Institution data cleansing and name resolution
We use Microsoft Academic Graph for cleaning institution names and aliases.
The result of the process described below are stored in
inst_fullname.csv (containing names, urls and wikipedia urls), and
inst_alias.csv (containing mappings of multiple surfaces strings to a single institution as described in item 1 below).

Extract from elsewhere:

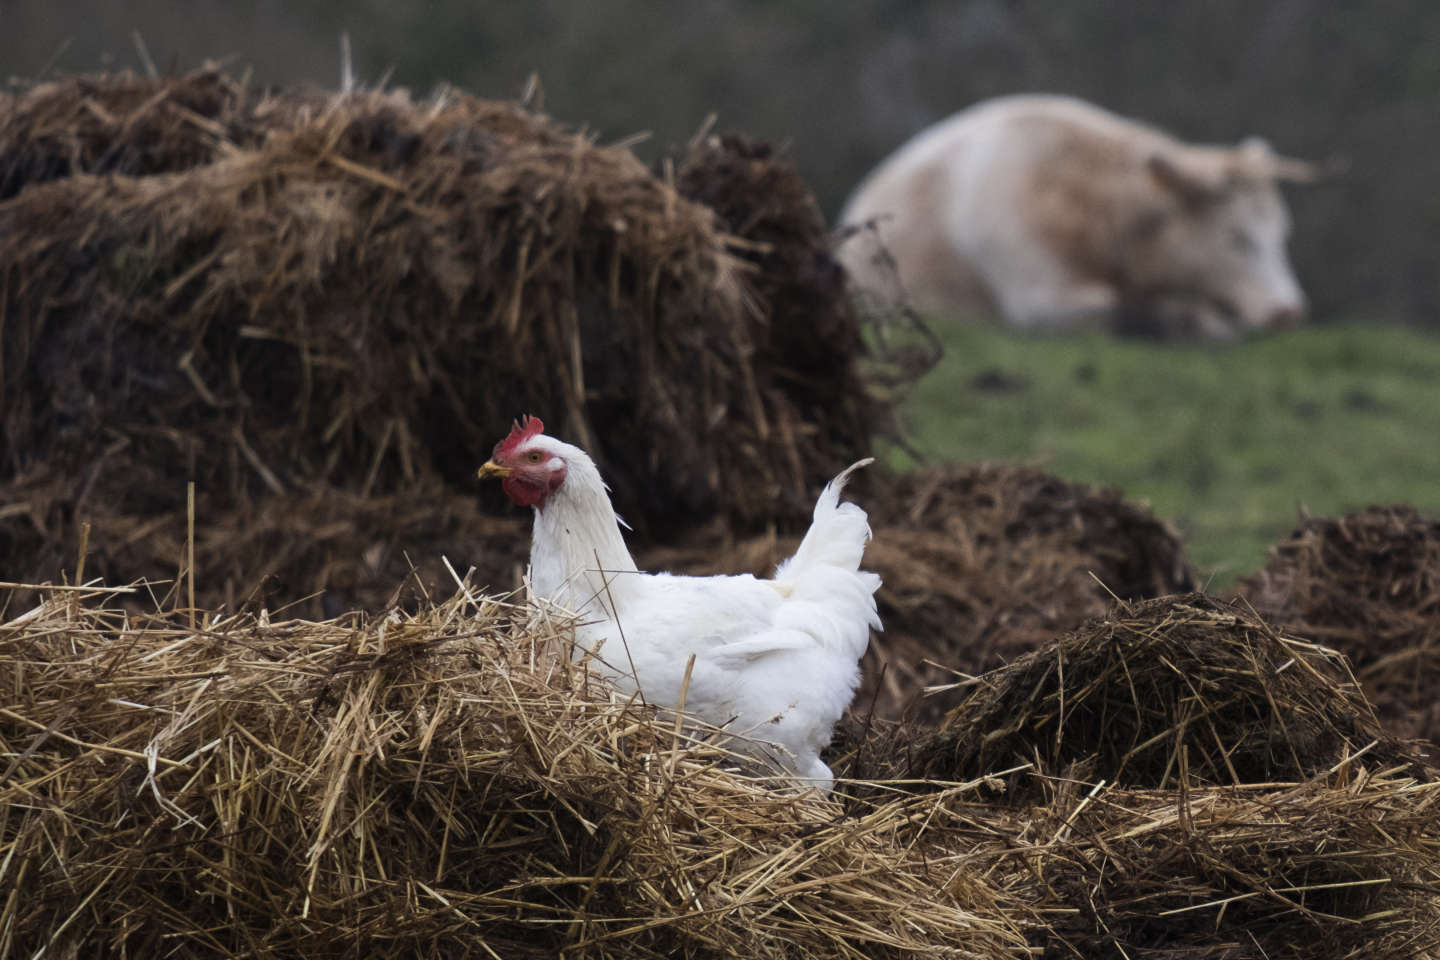 Le niveau de risque de la grippe aviaire désormais « élevé » en France, obligeant les éleveurs à confiner leurs volailles
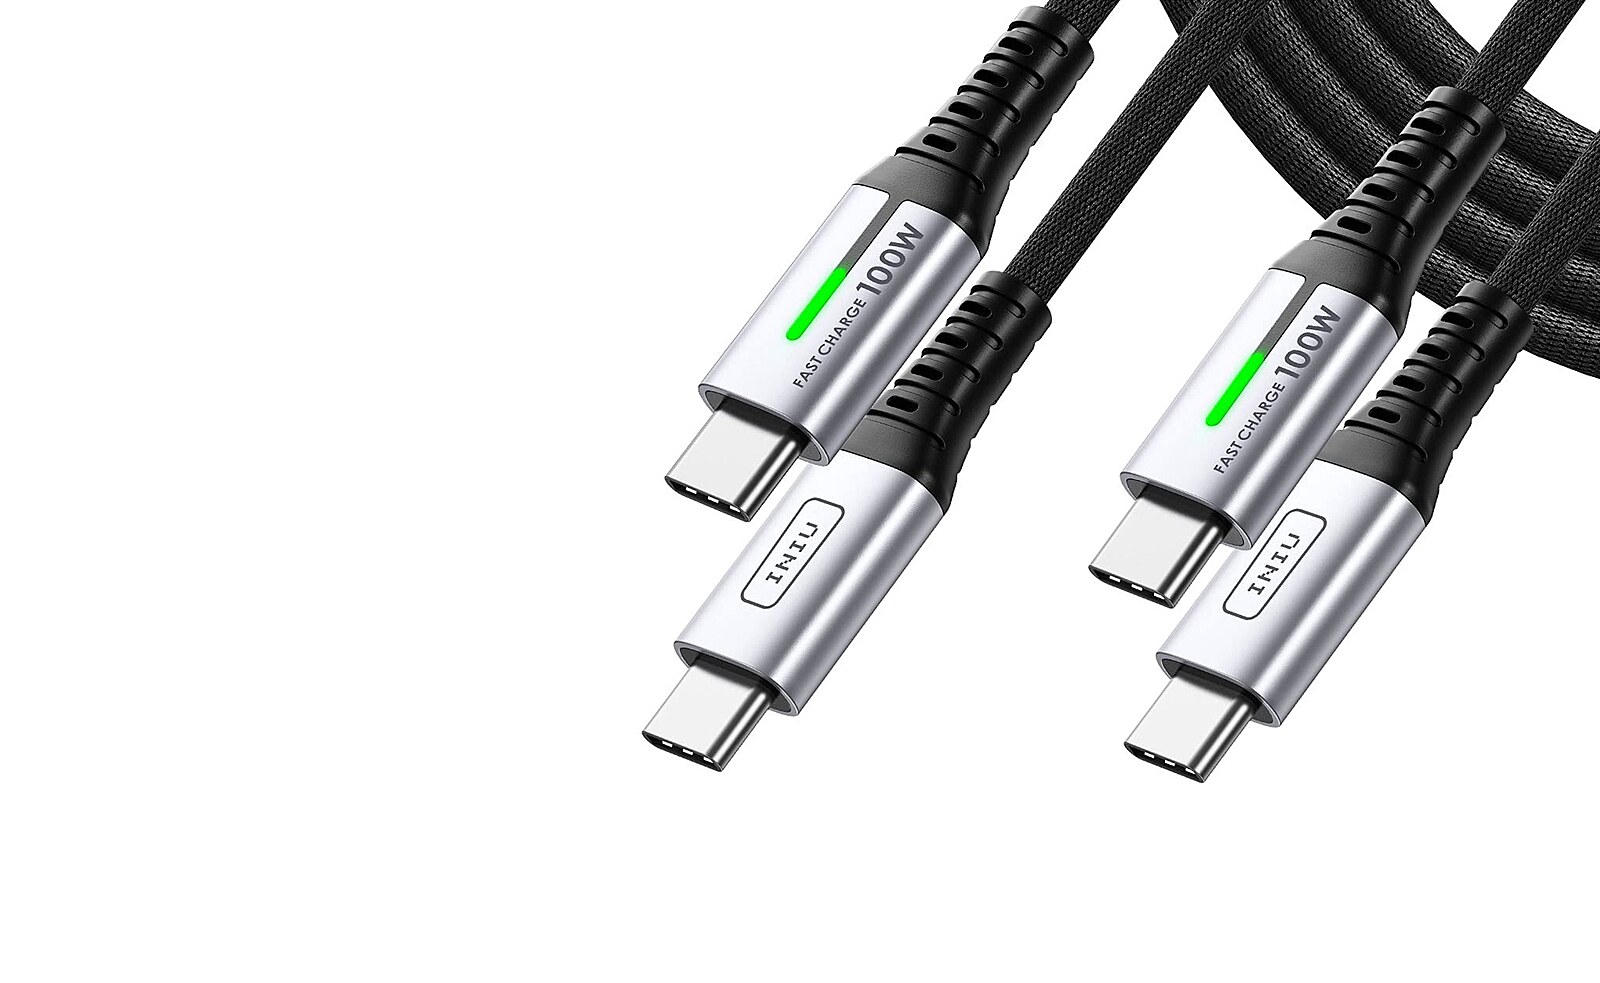 USB-C kabel vládne všem. Umíte poznat ten správný? - iDNES.cz

e.g. (Searching name for a key)
aalto university --> aalto university aalto university school of business --> aalto university aalto university school of electrical engineering --> aalto university aalto university school of science --> aalto university
We found 6729 keys from 6998 institution names
|name == key (primary name)||6646|
|name != key (alias name)||321|
- Unregistered aliases (Updated 14/May/2018):
- ['american university school of public affairs', 'university of ottawa faculty of medicine', 'dalhousie university faculty of engineering', 'international relief and development inc', 'faculty of civil engineering university of osijek', 'bren school of environmental science management', 'department of english university of dhaka', 'lally school of management technology', 'macquarie university faculty of human sciences', 'department of systems biology', 'faculty of humanities', 'booth school of business', 'nust school of civil and environmental engineering', 'school of industrial technology', 'faculty of architecture university of zagreb', 'asu school of sustainability', 'center for computational biology', 'burlington coat factory', 'university of łodź', 'center for bioinformatics and computational biology', 'e claiborne robins school of business', 'faculty of information technology university džemal bijedic of mostar', 'department of business management university of calcutta', 'jonkoping university foundation', 'suny poly college of nanoscale science and engineering', 'birmingham city university faculty of health', 'school of international affairs', 'farmer school of business', 'institute for computational engineering and sciences', 'faculty of law university of colombo', 'monash university faculty of medicine nursing and health sciences']
Common Error Types
- Different key values for aliases
at t --> at t at t labs --> at t labs auburn university --> auburn university auburn university at montgomery --> auburn university at montgomery
current solution: rely on MAG result as it is.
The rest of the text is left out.